Exploring the Viterbi Algorithm for Exon - Intron Prediction

Procedure

  1. In the simulator tab, general instructions for using the simulator are provided. Users can read them carefully before starting the experiment.

 

  1. Users can click on Procedure-Guide tab at the bottom of the GUI to learn the basics of the algorithm

 

 

  1. Users can click on the HMM Parameters tab at the bottom of the GUI to learn initialization probabilities, Transition probabilities, and emission probabilities of HMM model for exon-intron prediction in a given sequence.

 

 

  1. To start the experiment, provide sample sequences in the provided query box. The sample sequences need to be separated by newlines. Also, a user can upload a FASTA file. A sample FASTA file is provided in the GUI. Download the file, and users can use the sample FASTA file for running the simulator.

 

  1. Click on the Choose file button to upload the sample FASTA file.
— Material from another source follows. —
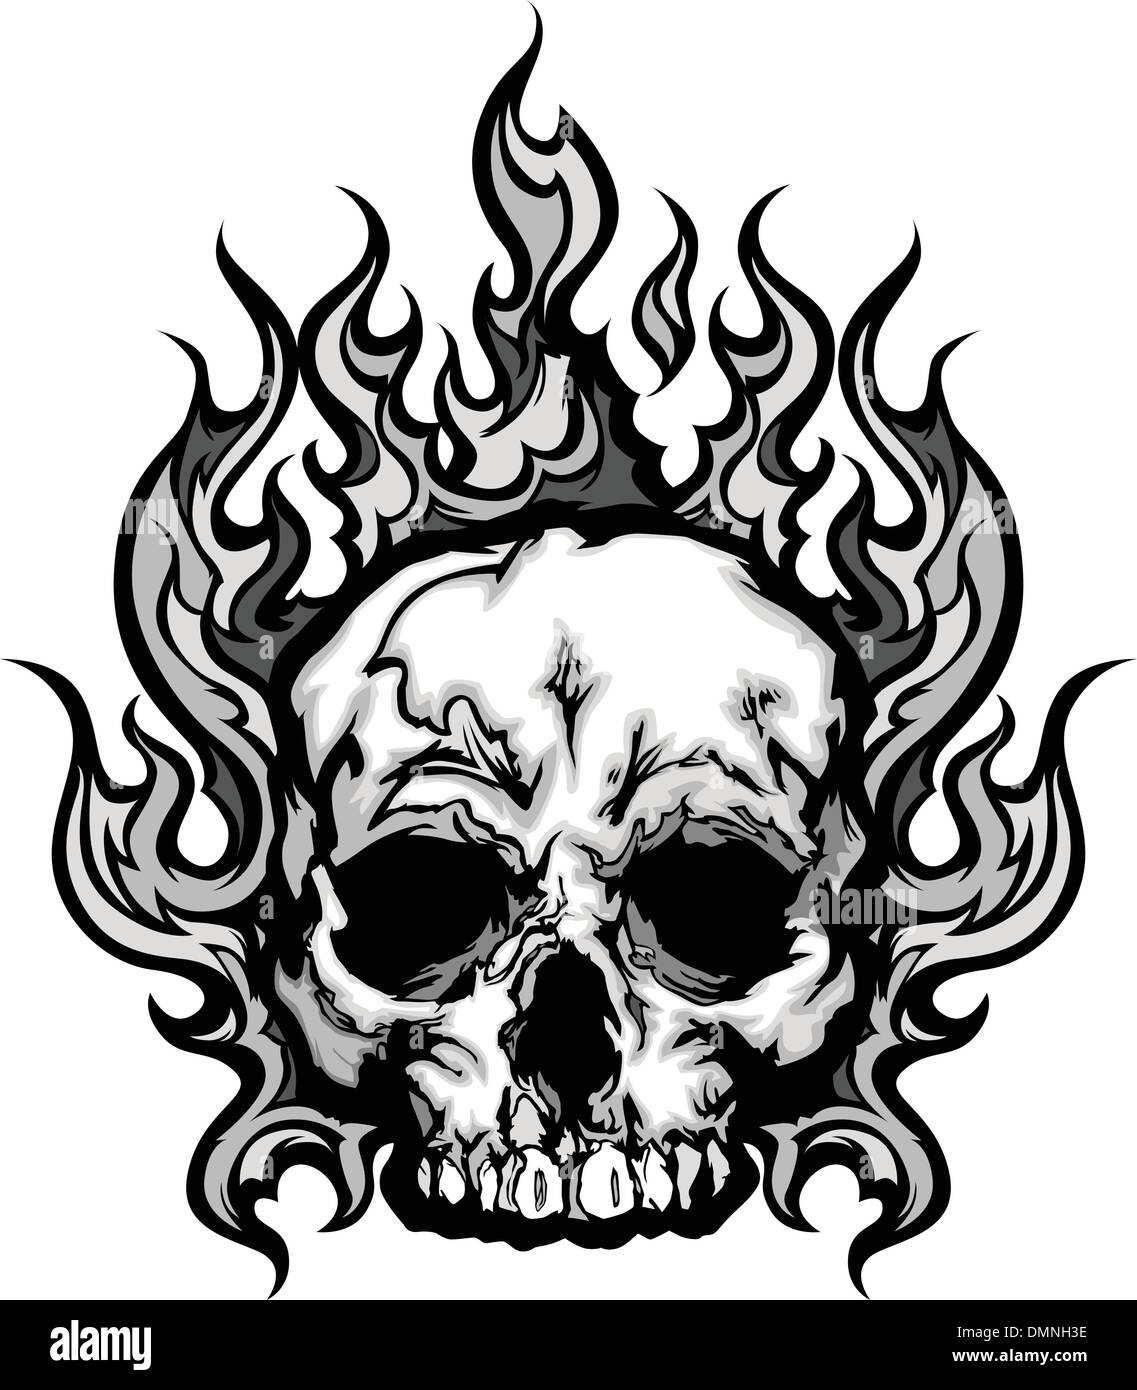 Human Skull With Gun And Flames For Tattoo Design Royalty Free SVG,  Cliparts, Vectors, and Stock Illustration. Image 16653960.
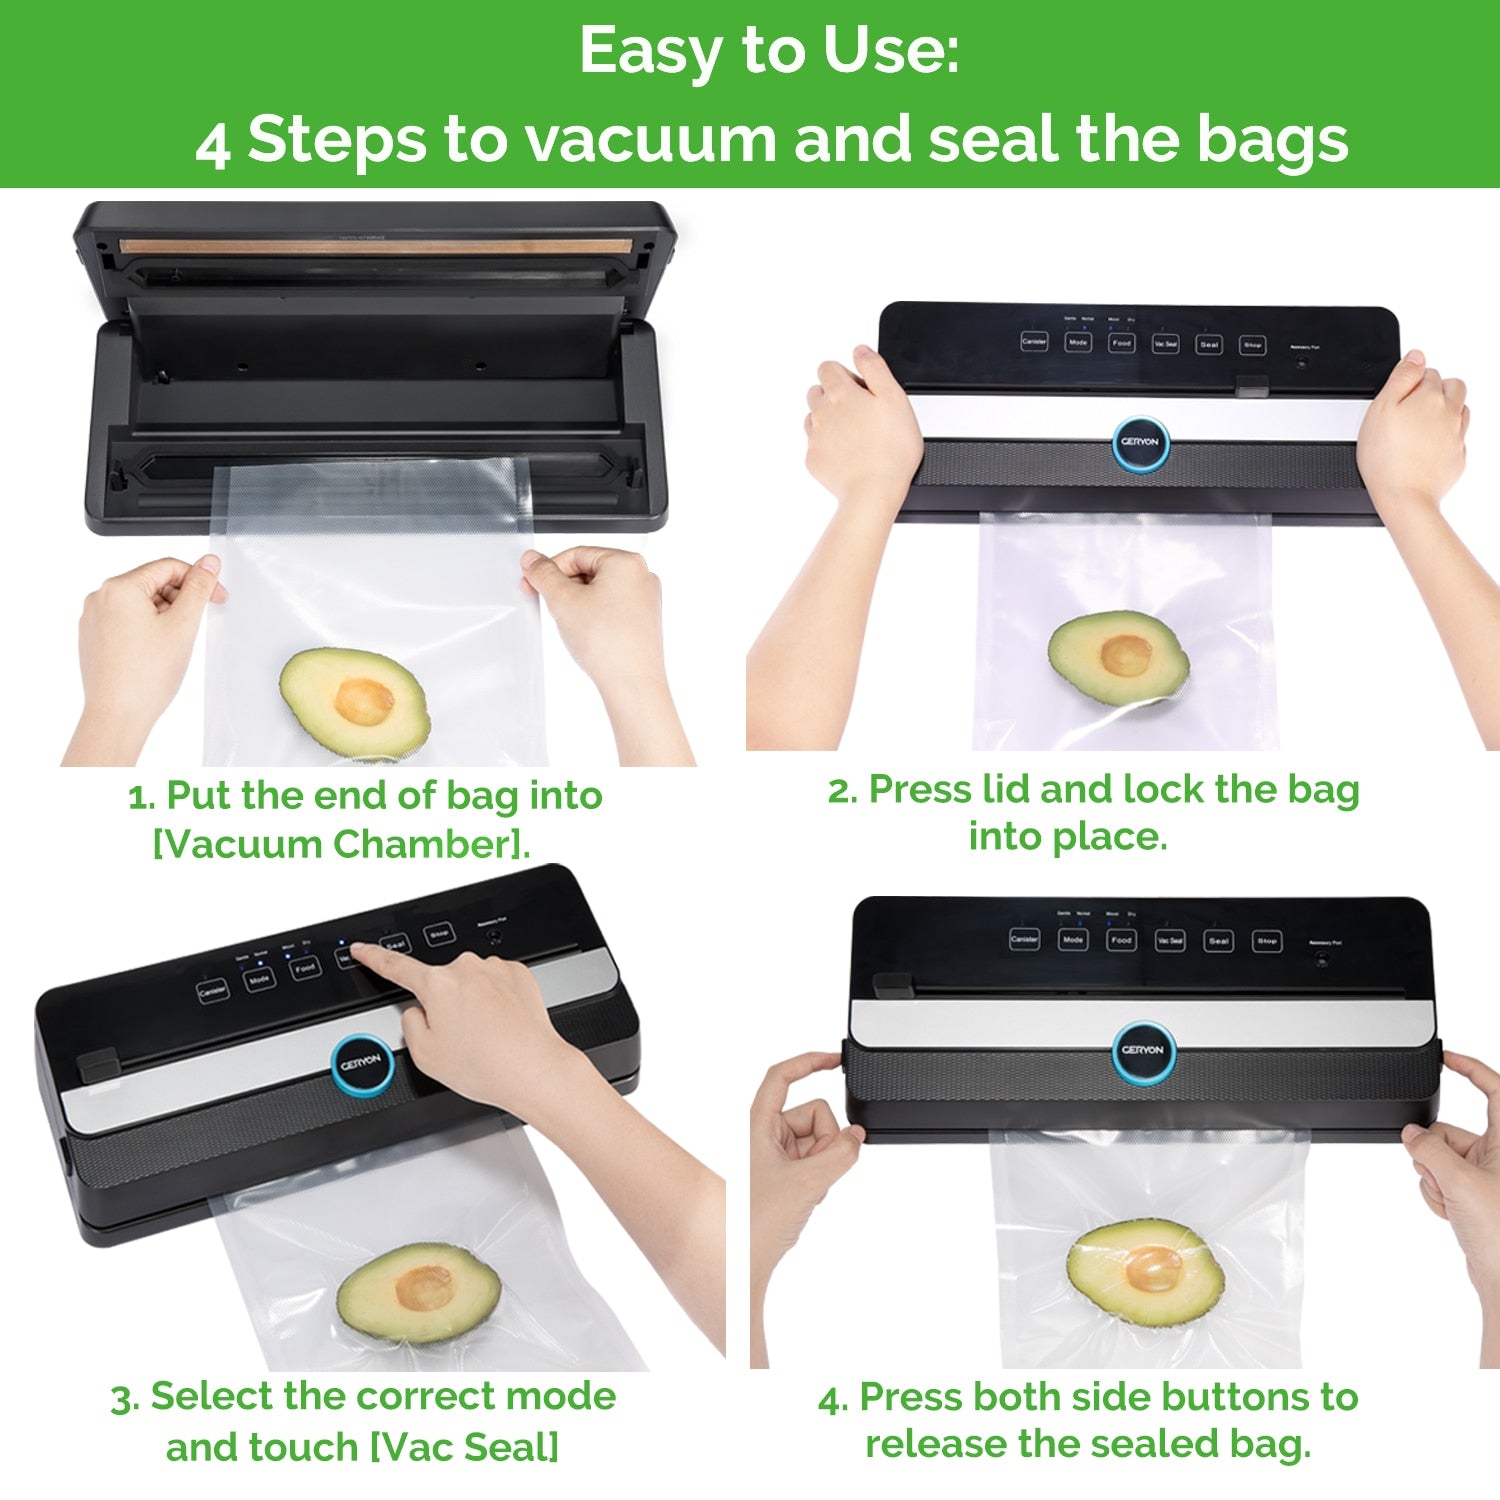 4 step sealing process. Step 1. Put the end of the bag into chamber. 2. Press lid and lock the bag into place. 3. Select the correct mode and touch button - Vac Seal. 4. Press both side buttons to release the sealed bag.

The query box will show the uploaded sequence data.

 

  1. Next click on Generate Assumed parameters.

 

  1. The assumed parameters of the HMM model, such as initial probabilities, transition matrix and emission matrix will be calculated.

 

  1. The next step is to click on Calculate Forward and Backward Values.

 

  1. It computes the probabilities of observations given a hidden state model.
              

 

  1. Next step is to click on Re-estimate parameters tab.

 

  1. Re-estimating parameters in an HMM is essential for training the model using observed data. The Baum-Welch algorithm (a special case of the Expectation-Maximization (EM) algorithm) is commonly used to re-estimate HMM parameters.

 

  1. The next step is the execution of the Viterbi algorithm.

 

  1. Enter the query sequence for the Viterbi algorithm or upload a FASTA file. A sample query file is provided in the GUI. Users can download the file and upload it as a query file.

 

  1. Click on Run Viterbi to visualize the result.

 

Result Interpretation:

The portion of the sequence shown in red colour indicates introns and the green portion indicates exons in the given DNA sequence. In reality the number of introns are far more greater than the number of exons, but here it is not shown as we provided 5 shorter DNA sequences.

  1. The reset button will return the simulation to its initial stage.